* _Given information_

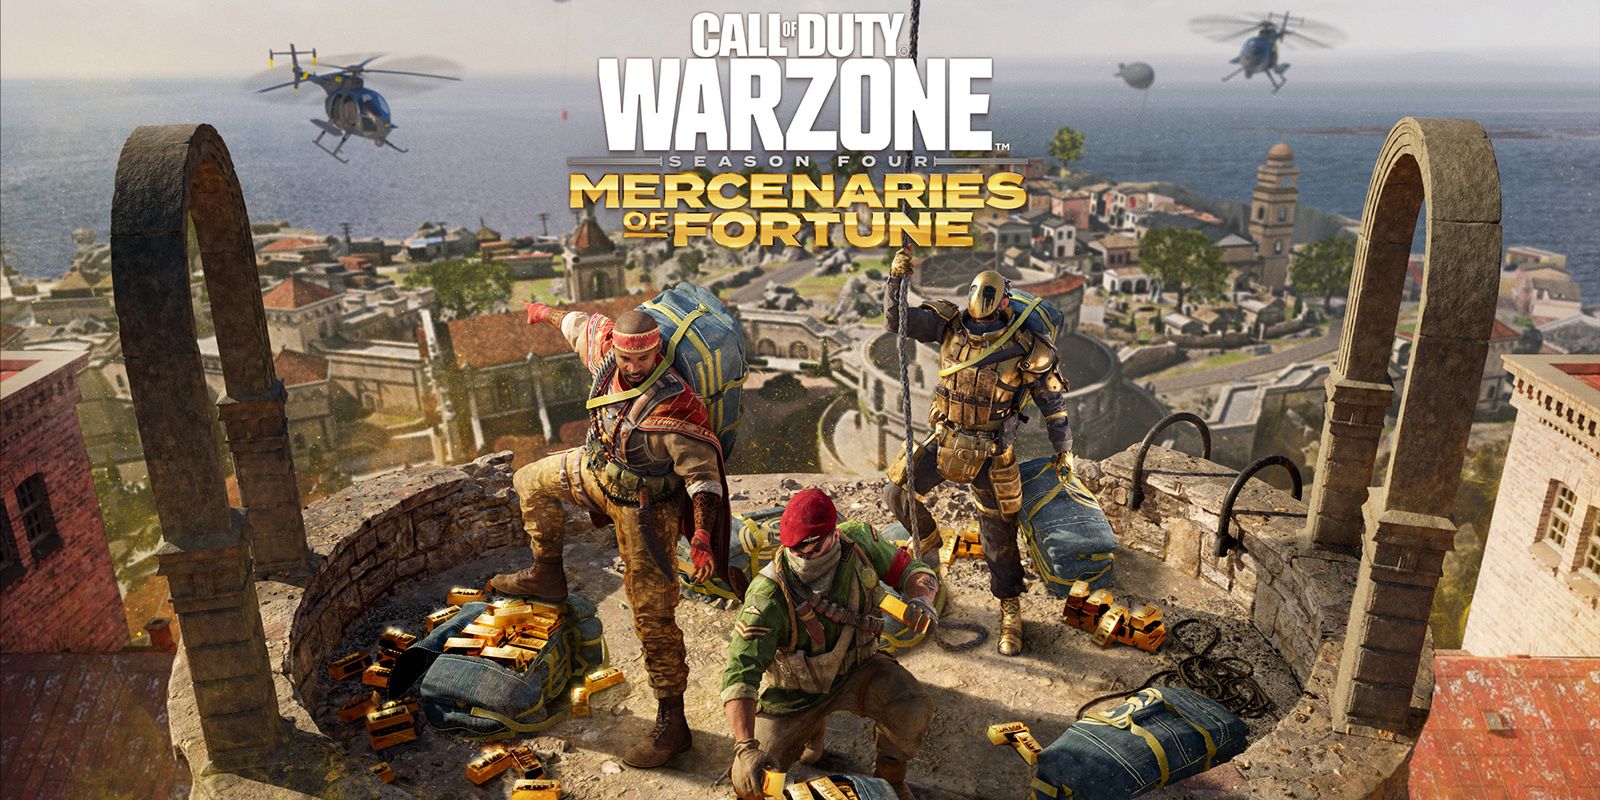 La temporada Mercenaries of Fortune de Call of Duty Warzone agrega un nuevo mapa
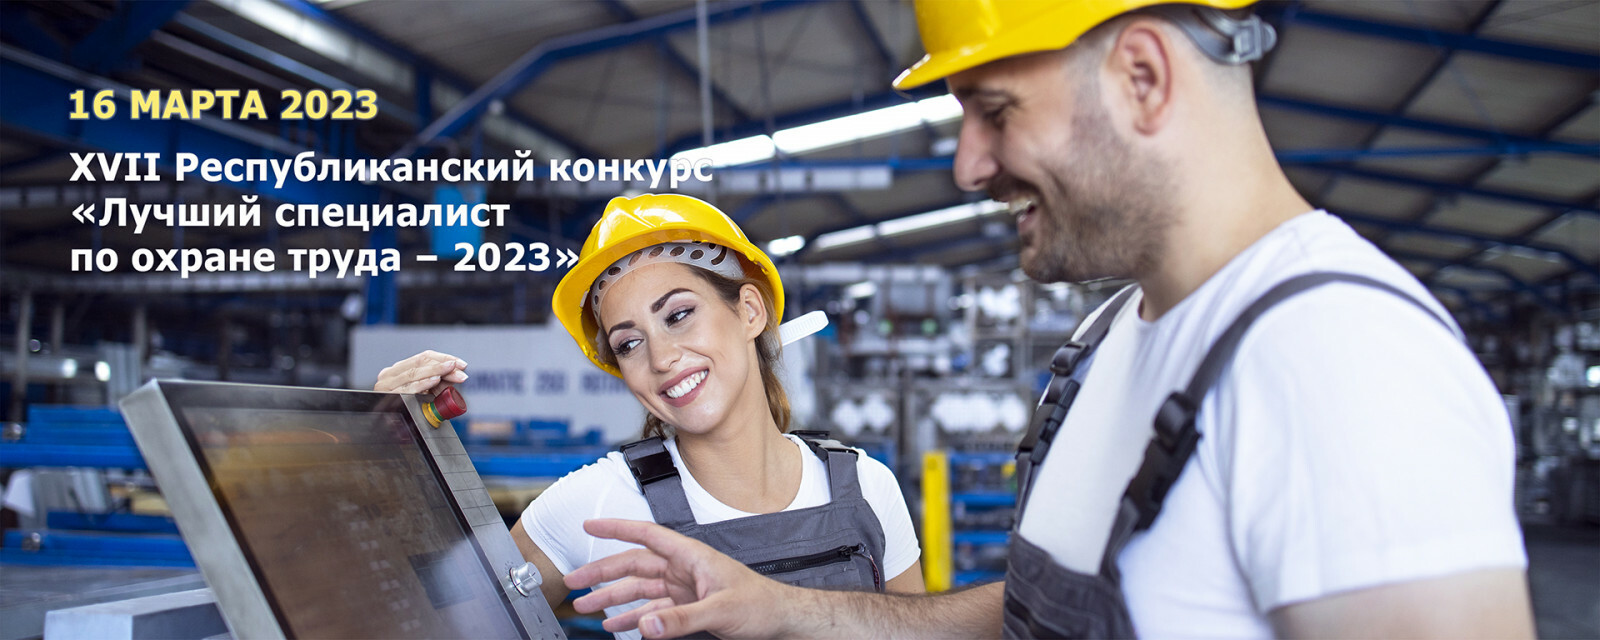 Предприятия и организации Башкортостана приглашаются к участию в Республиканском конкурсе «Лучший специалист по охране труда – 2023»
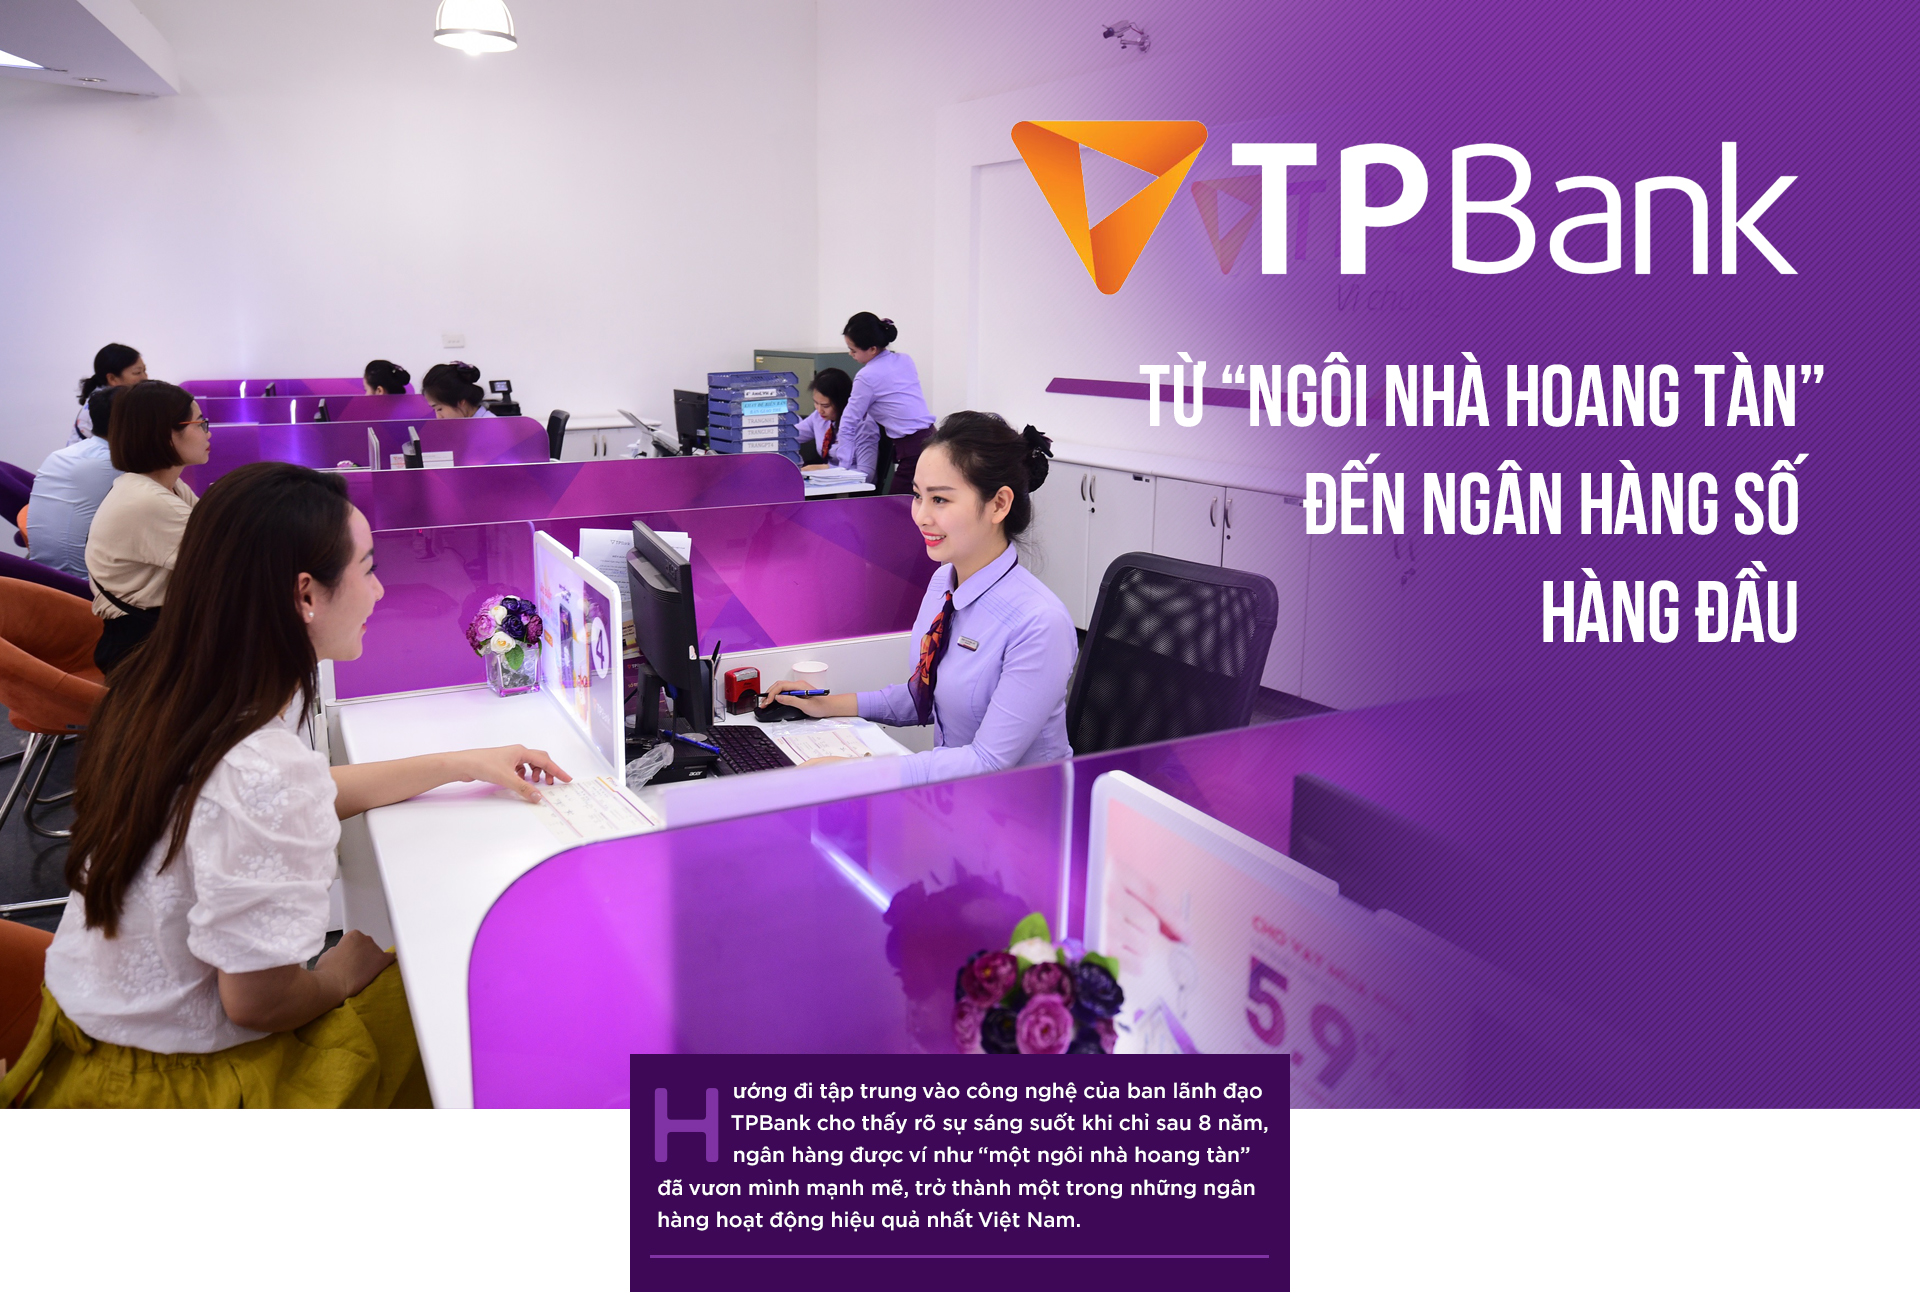 TPBank: Từ “ngôi nhà hoang tàn” đến ngân hàng số hàng đầu

* _Exercise objective_
Return the lines above exactly; the images are not part of the copy.

* _Exercise output_
 La temporada Mercenaries of Fortune de Call of Duty Warzone agrega un nuevo mapa
 Предприятия и организации Башкортостана приглашаются к участию в Республиканском конкурсе «Лучший специалист по охране труда – 2023»
 TPBank: Từ “ngôi nhà hoang tàn” đến ngân hàng số hàng đầu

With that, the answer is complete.